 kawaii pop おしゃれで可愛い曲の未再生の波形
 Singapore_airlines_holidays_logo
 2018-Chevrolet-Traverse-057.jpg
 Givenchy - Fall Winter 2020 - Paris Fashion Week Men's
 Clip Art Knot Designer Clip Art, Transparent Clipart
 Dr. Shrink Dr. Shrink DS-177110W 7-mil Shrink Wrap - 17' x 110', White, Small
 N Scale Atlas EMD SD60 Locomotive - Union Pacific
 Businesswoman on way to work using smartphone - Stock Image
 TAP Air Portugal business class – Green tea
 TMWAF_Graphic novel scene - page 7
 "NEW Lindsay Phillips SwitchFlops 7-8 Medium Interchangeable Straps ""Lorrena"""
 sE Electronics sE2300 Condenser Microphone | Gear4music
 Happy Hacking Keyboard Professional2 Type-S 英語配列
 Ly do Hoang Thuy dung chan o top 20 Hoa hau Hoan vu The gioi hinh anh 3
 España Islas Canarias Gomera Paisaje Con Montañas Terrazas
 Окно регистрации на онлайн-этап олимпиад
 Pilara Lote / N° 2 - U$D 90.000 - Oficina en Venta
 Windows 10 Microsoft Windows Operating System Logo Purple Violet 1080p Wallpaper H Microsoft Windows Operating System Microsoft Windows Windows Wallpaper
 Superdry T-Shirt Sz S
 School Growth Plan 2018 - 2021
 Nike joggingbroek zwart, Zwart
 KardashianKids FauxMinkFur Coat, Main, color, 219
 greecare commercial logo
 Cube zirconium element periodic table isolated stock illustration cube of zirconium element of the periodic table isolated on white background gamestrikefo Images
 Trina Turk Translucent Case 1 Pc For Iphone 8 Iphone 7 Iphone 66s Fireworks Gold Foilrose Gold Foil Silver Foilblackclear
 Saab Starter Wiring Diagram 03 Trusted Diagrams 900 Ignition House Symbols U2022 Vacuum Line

Problem to work on –
Copy out exactly the line that holds "España Islas Canarias" and all remaining lines of the listing, both the first and the last included.

Task answer –
 España Islas Canarias Gomera Paisaje Con Montañas Terrazas
 Окно регистрации на онлайн-этап олимпиад
 Pilara Lote / N° 2 - U$D 90.000 - Oficina en Venta
 Windows 10 Microsoft Windows Operating System Logo Purple Violet 1080p Wallpaper H Microsoft Windows Operating System Microsoft Windows Windows Wallpaper
 Superdry T-Shirt Sz S
 School Growth Plan 2018 - 2021
 Nike joggingbroek zwart, Zwart
 KardashianKids FauxMinkFur Coat, Main, color, 219
 greecare commercial logo
 Cube zirconium element periodic table isolated stock illustration cube of zirconium element of the periodic table isolated on white background gamestrikefo Images
 Trina Turk Translucent Case 1 Pc For Iphone 8 Iphone 7 Iphone 66s Fireworks Gold Foilrose Gold Foil Silver Foilblackclear
 Saab Starter Wiring Diagram 03 Trusted Diagrams 900 Ignition House Symbols U2022 Vacuum Line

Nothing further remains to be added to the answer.